Asked for Mr Robert’s view of the decision of Home Affairs to run a limited, invitation-only tender, his spokesman said: “We cannot comment on a procurement process led by another department.”
ABC News can also reveal the Government has plans to store the decryption keys for the data in the same cloud as the data itself — a practice frowned upon within the industry for such a sensitive cache of public information.
Mr Robert’s spokesman said the practice was acceptable.
“Database keys will be managed through Amazon Web Services’ Key Management System (KMS), a widely used security service that has been previously assessed by the ACSC,” the spokesman said.
ACSC refers to the Australian Cyber Security Centre, part of the Australian Signals Directorate, the country’s electronic spy agency which is responsible for government cyber security.
How the tracing app works
The app is designed to help identify with whom a COVID-19 positive person has met while infected, speeding up the contact tracing process.
Relying on Bluetooth technology, the app will identify other phones using the app that have been within a 1.5 metre range for at least 15 minutes.
The app logs and encrypts that contact on the phone. Later, if a person using the app tests positive to COVID-19, they would be asked to download their encrypted contact log and send it to the Government, which will store it in the Amazon cloud.
State and territory health authorities will then be able to access the cloud, decrypt the data and contact those who were in close proximity to the COVID-positive person.
The tracing app has been sold by Prime Minister Scott Morrison as an important part of easing restrictions in Australia, but it has also been met with concerns regarding how information will be used and stored.
The revelation that this information is to be held by Amazon’s cloud service — Amazon Web Services (AWS), the world’s largest cloud service, which operates under US law — may spark further concern.
AWS is subject to a raft of invasive US national security legislation, including the CLOUD Act, a 2018 law compelling US-based technology companies to provide data to federal law enforcement under warrant, regardless of whether the data is held in the US or overseas.
However, a spokesman for Mr Robert said the US CLOUD Act did not apply to Australian data.
“Keeping Australian data in Australia will be guaranteed through a determination through the Biosecurity Act and legislation,” he said.
“It will be a criminal offence to transfer data to any country other than Australia. A penalty of imprisonment for five years and/or 300 penalty units ($63,000) could apply to breaches of the direction.

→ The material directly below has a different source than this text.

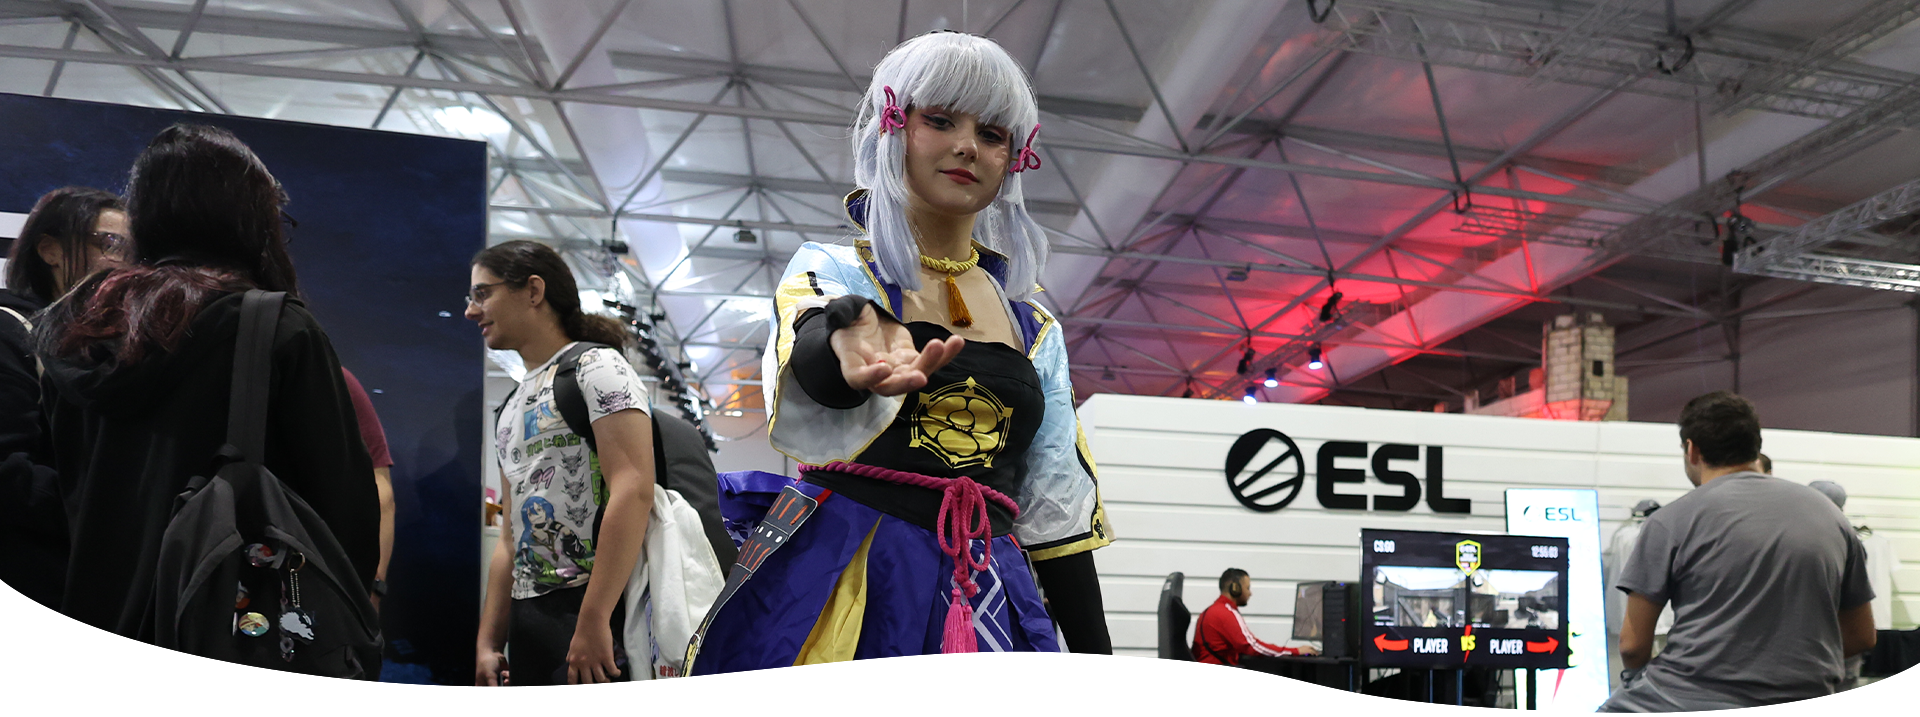 cosplay-banner-4

“This is exactly the same way the Australian Government already uses AWS for many other agencies, including the work of our intelligence agencies, including ASD, and ensures Australian data stays in Australia.”

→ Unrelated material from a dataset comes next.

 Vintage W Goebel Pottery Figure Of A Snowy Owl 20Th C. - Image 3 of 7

The Prime Minister said in a press conference today that only health workers undertaking contact tracing would legally be able to access the personal information in the app.
“The server is in Australia and it’s using AWS, who work with Australia on many, many sensitive issues,” he said.

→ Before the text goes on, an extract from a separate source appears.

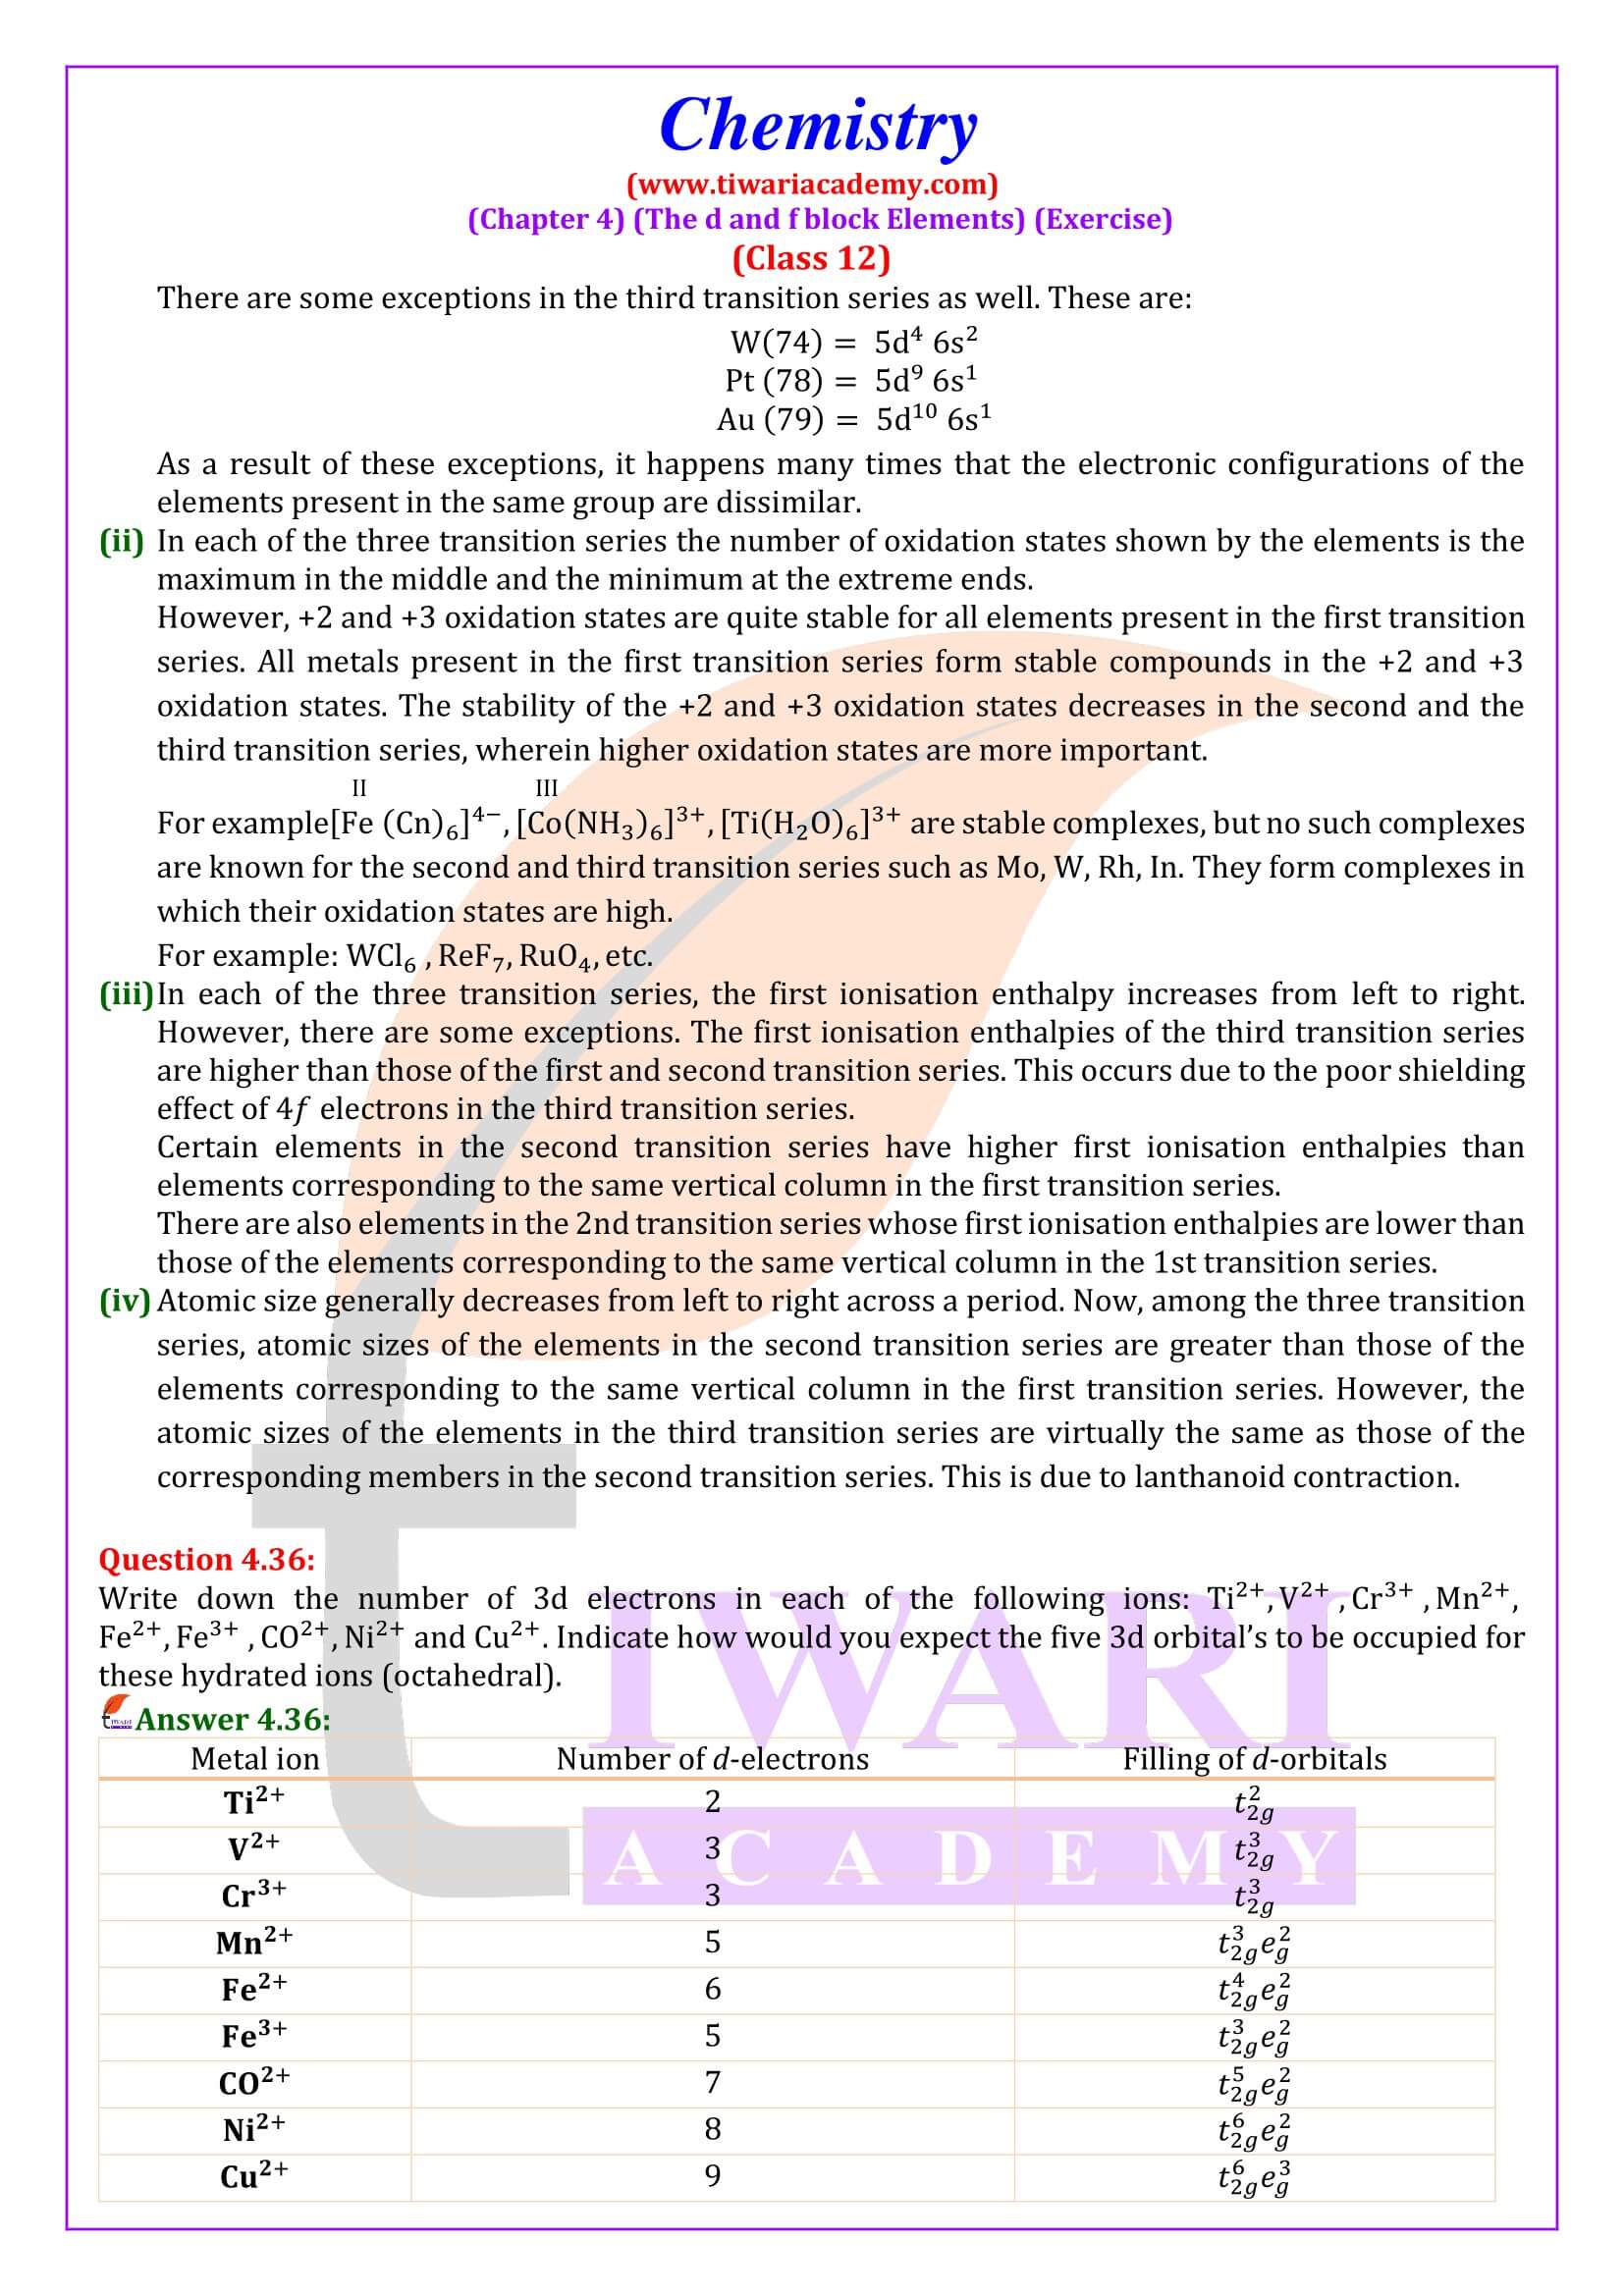 Class 12 Chemistry Chapter 4 solution in English

“It’s a nationally encrypted data store.
“It is illegal — it will be illegal for information to go out of that data store to any other person other than that for whom the whole thing is designed.”
Australian providers overlooked
Among those raising concerns about the Amazon deal is cyber security not-for-profit, AustCyber.
AustCyber’s chief executive, Michelle Price, said the exclusion of Australian-owned providers for the service was disappointing.
“I don’t know why they were not alerted to it,” Ms Price said.
Among the local providers who were overlooked for the contract are AUCloud, Macquarie Telecom, Sliced Tech and Vault.
The Government has previously security vetted two giant US corporations to provide secure cloud storage — Microsoft and Amazon.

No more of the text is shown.